The implementation of a 4 valve per cylinder arrangement is simple using a DOHC setup. It frequently enables the engine to rev higher. Additionally, it enables the valves to be set up optimally for best performance. Better top end power is produced with a DOHC, four valves per cylinder layout because it allows for better airflow at high engine speeds. Additionally, DOHC engines enable the spark plug to be positioned directly in the center of the combustion chamber, which encourages effective combustion. Such a configuration has the drawbacks of being heavier, costing more money, and requiring more parts to drive two camshafts.

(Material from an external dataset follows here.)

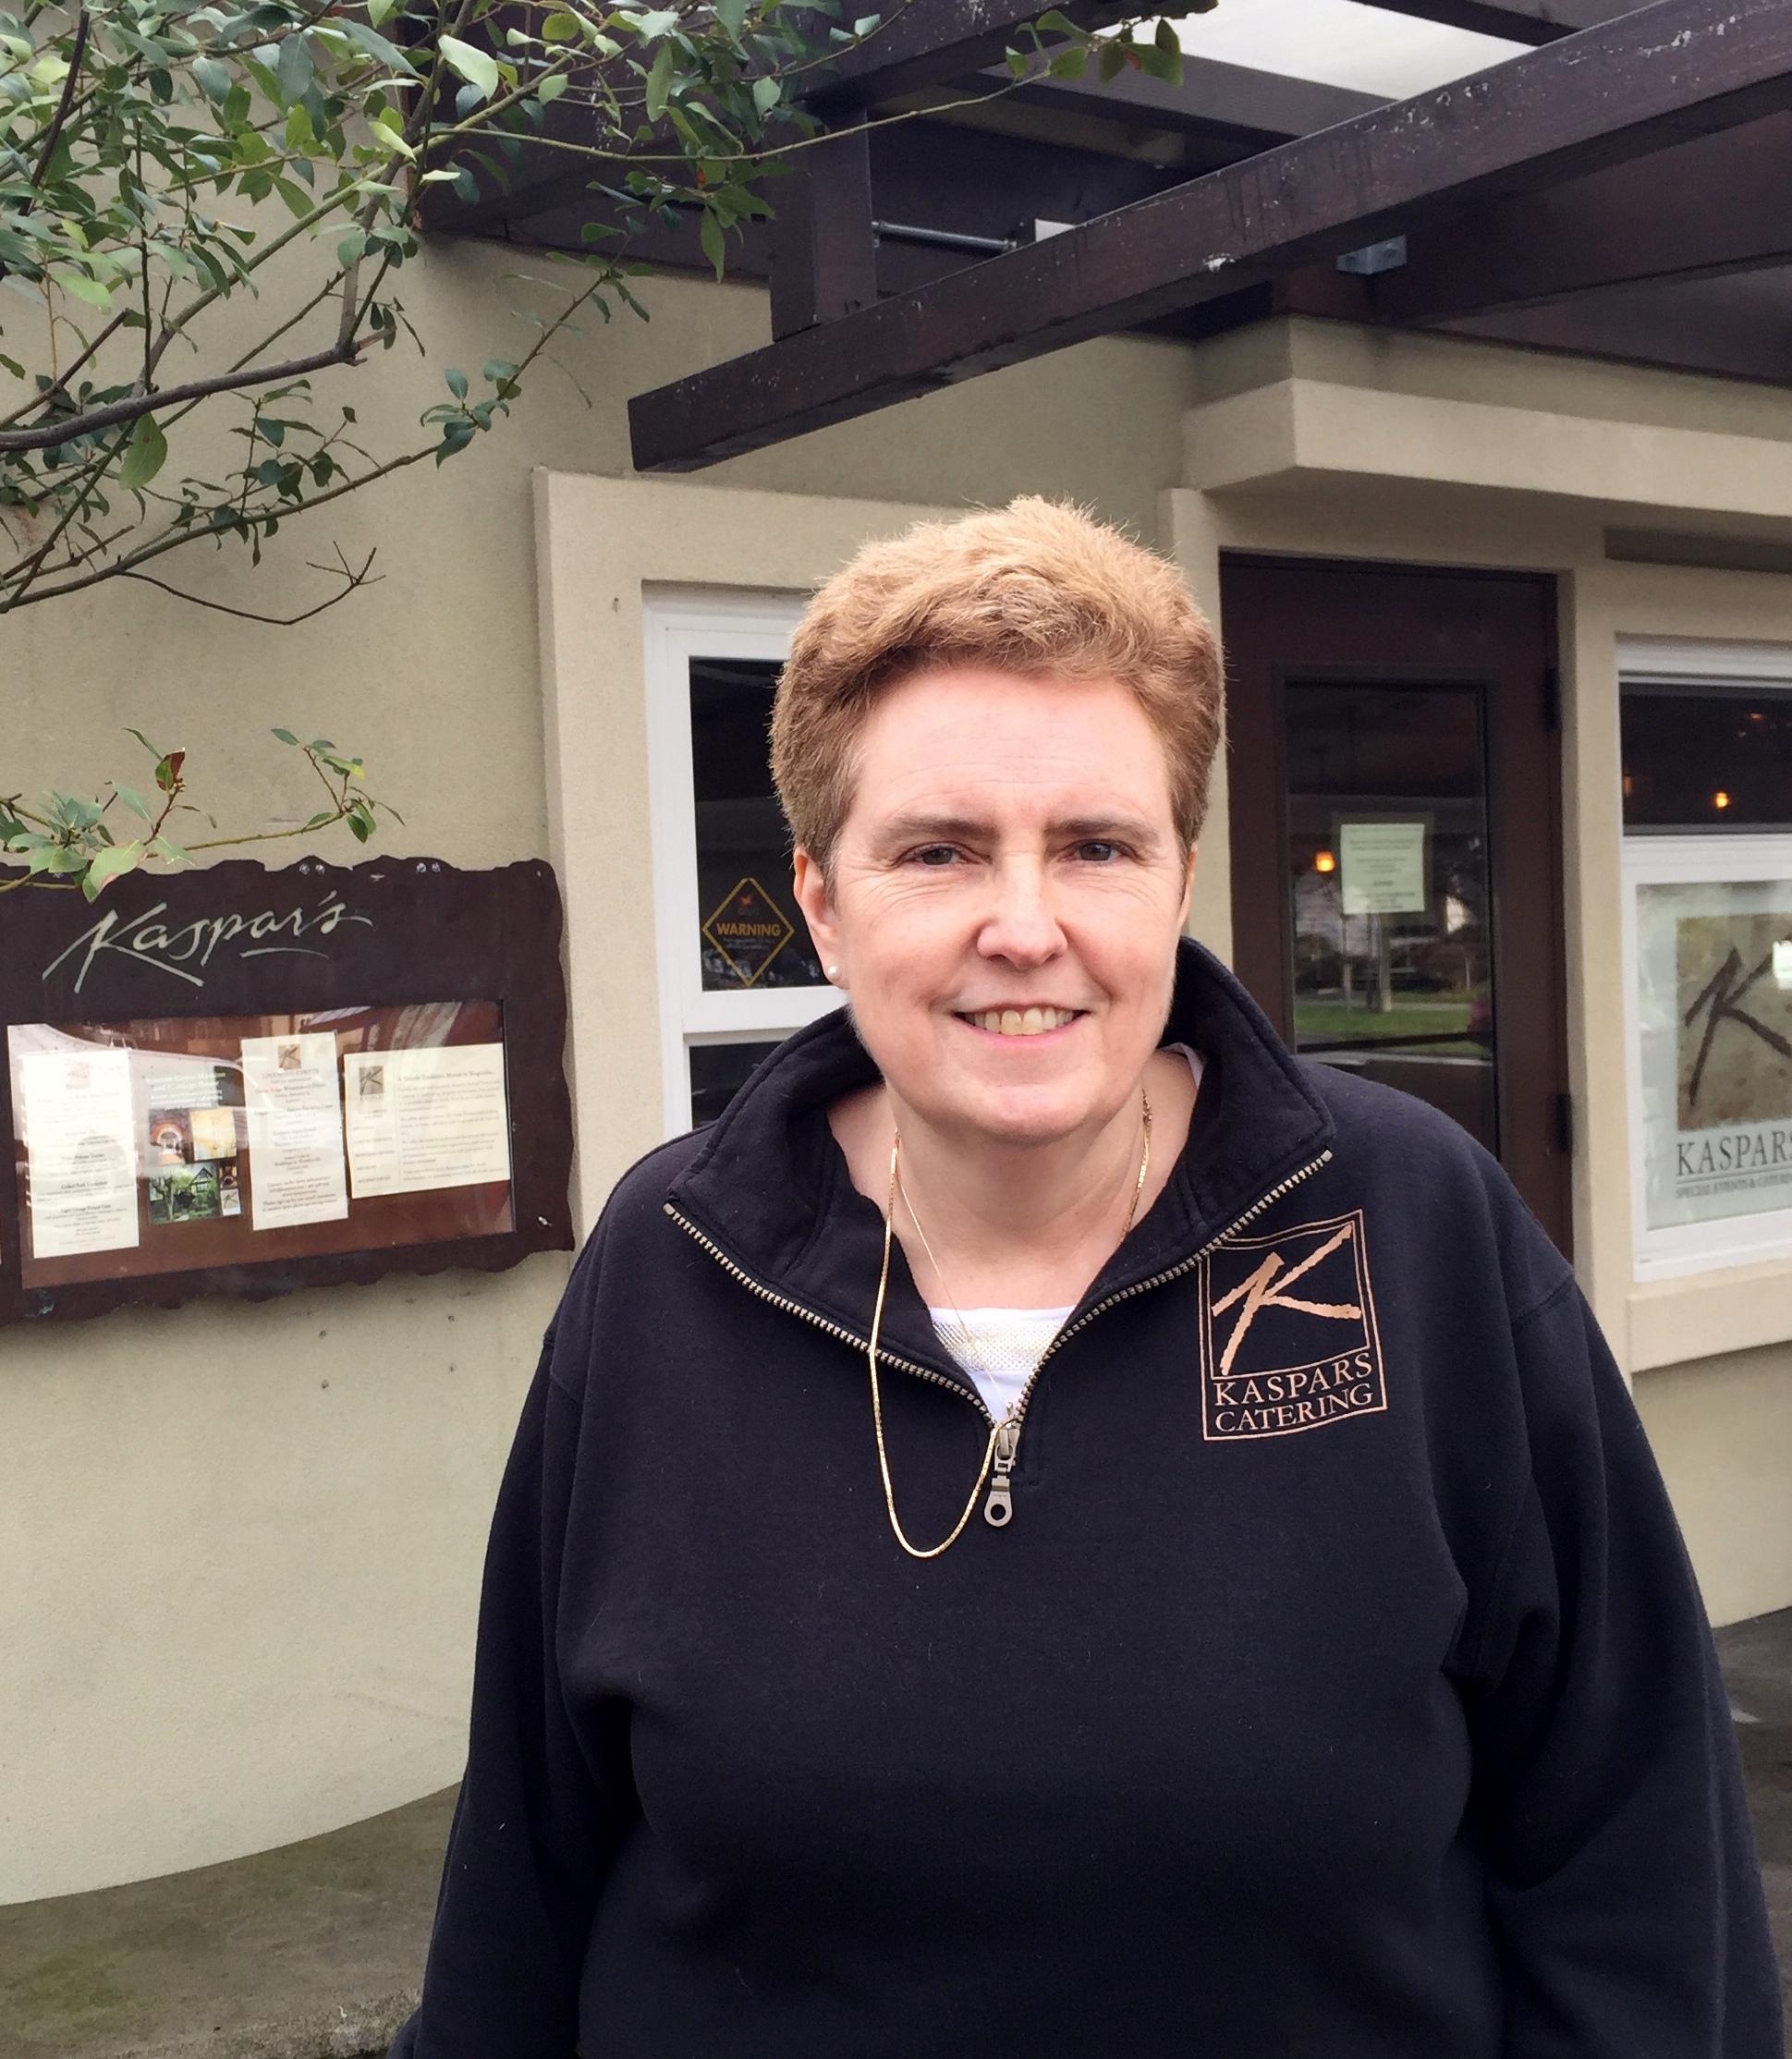 Nancy Donier of Kaspar's.

In conclusion, a 4 Valve per Cylinder SOHC engine would have better performance characteristics at the lower end of the powerband if the valvetrain bulk was reduced. With the same number of valves per cylinder and a larger valvetrain mass, a DOHC configuration will provide more peak torque and horsepower at higher engine speeds. For more in-depth information about disc brakes, see our thorough blog.
How much does a Honda CRV turbo repair cost?
The typical price to replace the turbocharger assembly in a Honda CR-V is from $1,954 to $2,088. The cost of labor is expected to be between $510 and $644, while the cost of parts is $1,444.